Actually since we have just one set sample it’s not possible to calculated the variability of mean. So the proximity of sample mean to the true mean (population) can be seen as criteria for finding the unbiased sampling method.
Interestingly, the difference between the sample means and true mean in all sampling method is approximately less than 1 % which shows we can claim all methods can be an unbiased estimator.
df%>%group_by(method)%>%summarise(Average=mean(value), median=median(value), SD=sd(value))
## Source: local data frame [3 x 4]
##
## method Average median SD
## 1 basic 2495.28 2488 197.4290
## 2 super 2481.44 2522 140.1479
## 3 hard 2457.48 2492 106.0971
As I stated before there is just one set of sample and that’s why we don’t know the variation of the mean but the absolute difference shows that the super and hard sampling method seems to have the most precision respectively.
erod.points<-read.table("data/erode.txt",header = TRUE)
erod.sp<-erod.points
coordinates(erod.sp) <- c('x','y')
### grid manipulation
erod.grid<-read.table("data/erodegrid.txt",header = TRUE)
coordinates(erod.grid) <- c('x','y')
gridded(erod.grid) <- T # and flag as a grid
erod.idw <- idw(erode~1, erod.sp, erod.grid,idp=1.5)
## [inverse distance weighted interpolation]
spplot(erod.idw, 'var1.pred')
The unit is in megaton/year.
round(sum(erod.idw@data$var1.pred)*0.25,digits = 1)
## [1] 139.7
### linear model
erod.lm <- lm(erode ~ x + y, data=erod.sp)
### make prediction using linear trend surface
erod.trendl <- predict(erod.lm, newdata=erod.grid)
#SpatialPixelsDataFrame
erod.gridl <- SpatialPixelsDataFrame(erod.grid,
data.frame(linear=erod.trendl) )
###ploting
spplot(erod.gridl, 'linear')
I need to first see the measured values in their real positions.
##########
erod.points%>%ggplot(aes(x=x,y=y))+
geom_text(aes(label=erode),size=4)+
coord_equal()
It seems that the linear model is too simple and not suitable because it’s able to capture some diagnose no-linearity exist in data set.
co.points<-read.table("data/juraCo.txt",header = TRUE)
co.points%>%ggplot(aes(x=Xloc,y=Yloc))+
annotate("text", x = 2.5, y = 3.3,label="P1",color="red",size=5)+
annotate("text", x = 3.5, y = 2.5,label="P2",color="red",size=5)+
geom_text(aes(label=Co))+
coord_equal()
co.VC<-as.matrix(read.table("data/juraVC20.txt",header = TRUE))
X <- matrix(1,ncol=1, nrow=length(co.VC[,1]))# model with only an intercept - one column
vinv <- solve(co.VC)# the inverse variance-covariance matrix
glswt <- solve(t(X) %*% vinv %*% X) %*% t(X) %*% vinv# weights for GLS estimate of the overall mean
muhat <- glswt %*% co.points$Co# muhat is the GLS estimate of the overall mean
print(muhat)
## [,1]
## [1,] 9.192567
Ordinary kriging
S0.VC<-as.matrix(read.table("data/j20s0cov.txt",header = TRUE))
coef<-round((S0.VC[,1] %*% vinv),digits = 3)
cbind(co.points,x1w=t(coef))%>%ggplot(aes(x=Xloc,y=Yloc))+
geom_text(aes(label=x1w))+
annotate("point", x = 2.5, y = 3.3,color="red",size=4)+
coord_equal()
It’s reasonable because there is a higher weights associated with the points closer to the P1 than the points farther.

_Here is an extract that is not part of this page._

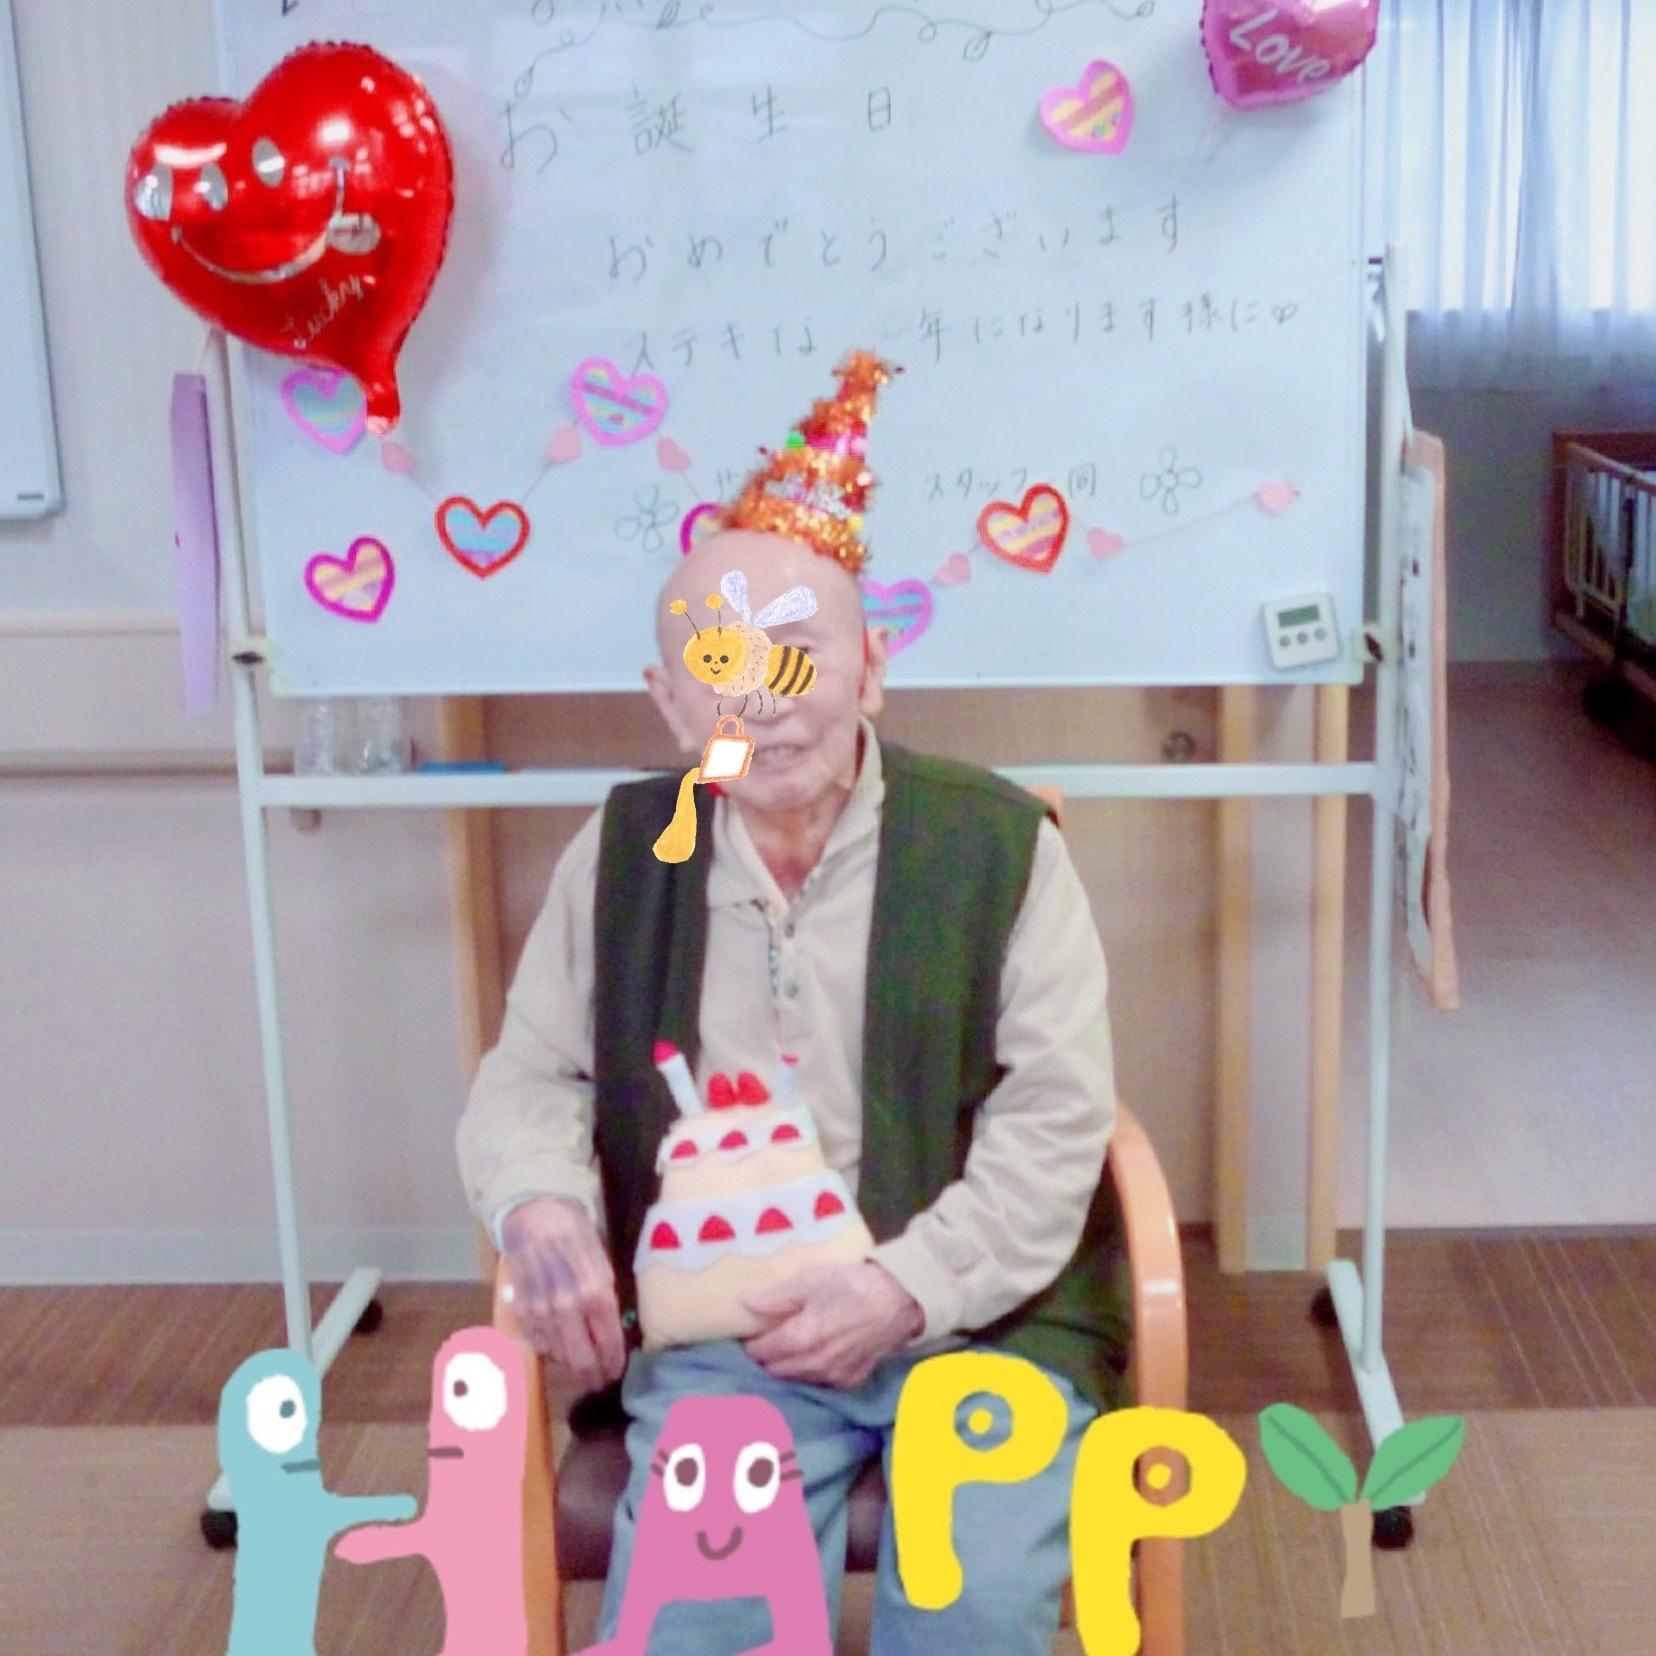 令和3年熊谷様誕生日②

It comes from the fact that the P1 had a higher covariance with the closer points rather than farther points.
### variance of prediction for the P1
coefp1<-coef
(12.525)^2-(coefp1%*%S0.VC[,1])
## [,1]
## [1,] 148.6815
#### variance of prediction for the p2
coefp2<-round((S0.VC[,2] %*% vinv),digits = 3)
(12.525)^2-(coefp2%*%S0.VC[,2])
## [,1]
## [1,] 156.8461
It makes sense because P1 is closer to the measured points (points with a value) than P2, thus there should be less variability on prediction of it.
### variance of prediction for the P1
coefp3<-round((S0.VC[,3] %*% vinv),digits = 3)
(12.525)^2-(coefp3%*%S0.VC[,3])
## [,1]
## [1,] 144.3506
I guess because since this variation is less than the other two and it comes form the fact that this point is so close to measured points ( or basically P3 is one of them indeed), so “honoring the data” refers to the point that we give more credit for the points closer to the measured points and less for points that their far form the “data”.